According to the Post, some Canadian doctors have said, “that specific and explicit requests for MAID have come from parents involving very young children.”
Dr. David Lysecki, a pediatric palliative care specialist at McMaster University’s department of pediatrics said that some parents are seeking death for their child, even though with surgery and life support “we can sometimes keep their body alive for years.

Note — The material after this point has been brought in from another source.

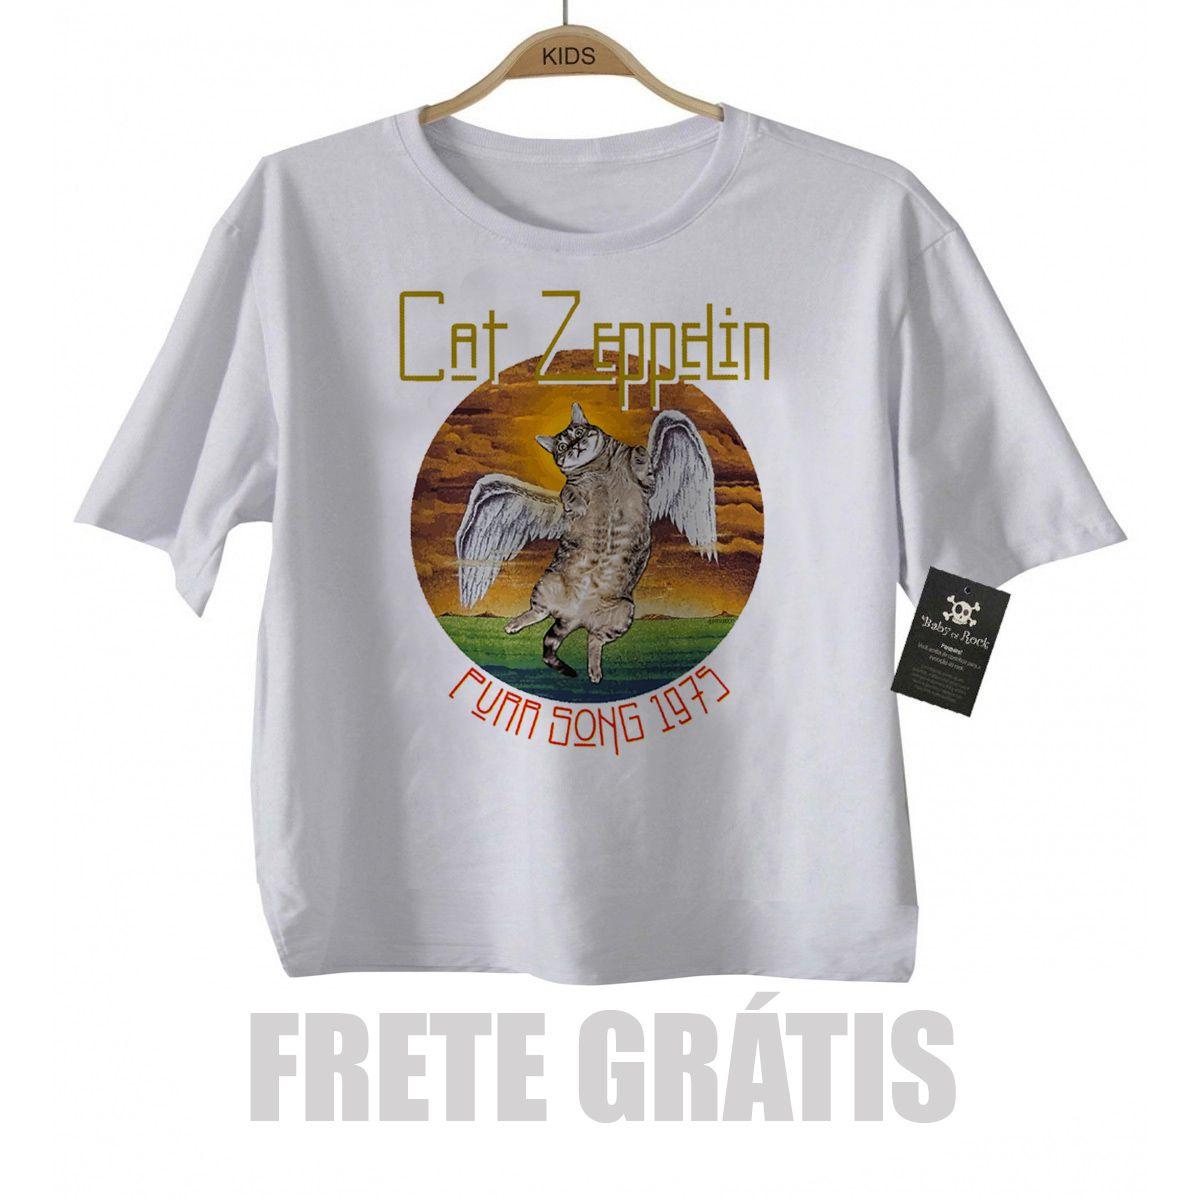 Camiseta infantil  Cat Zeppelin Cute - White  - Baby Monster - Body Bebe

“But that child would never be able to process the outside world in a cognizant way.”
“Some families ask, ‘If they’re going to die at the end of this anyway, maybe three weeks from now, and we don’t believe they’re going to have meaningful positive experiences between then and now, why must we all have to go through this period of waiting,’” he said.
“We are not at all talking about babies born with a handicap,” said Dr. Alain Naud, a family physician and clinical professor at Laval University, and one of the most vocal advocates of assisted dying in Quebec.
“We are really talking about situations which, at birth, are incompatible with life in the short term — in a matter of days, weeks, or months.”
University of Toronto professor Kerry Bowman disagrees with the idea that just because a child may die, their parents have the right to ask for their death.
“I’m not convinced we need this,” Bowman said, “because it’s not the wishes and values of the patient anymore.
“It’s the wishes and values of the parents.”
“Look, I get it, that’s what we do, that’s what parents do (make decisions for children),” Bowman added.
“But it’s not as clean a distinction, ethically, as it is when someone says, ‘I’ve been living with this pain for 15 years and I can’t do it anymore.’
“That’s very different from guessing what you think a baby would want.”
While proponents of infant euthanasia paint it as an act of mercy, infants are incapable of giving free consent to their own deaths, making these killings more similar to murder than to suicide.
A better, more humanity-affirming strategy euthanasia proponents should instead seek is better palliative and comfort care for the children, dedicated medical professionals who recognize the dignity and worth of each child, and a better support system for these parents to help them with the challenges that come with caring for a disabled child.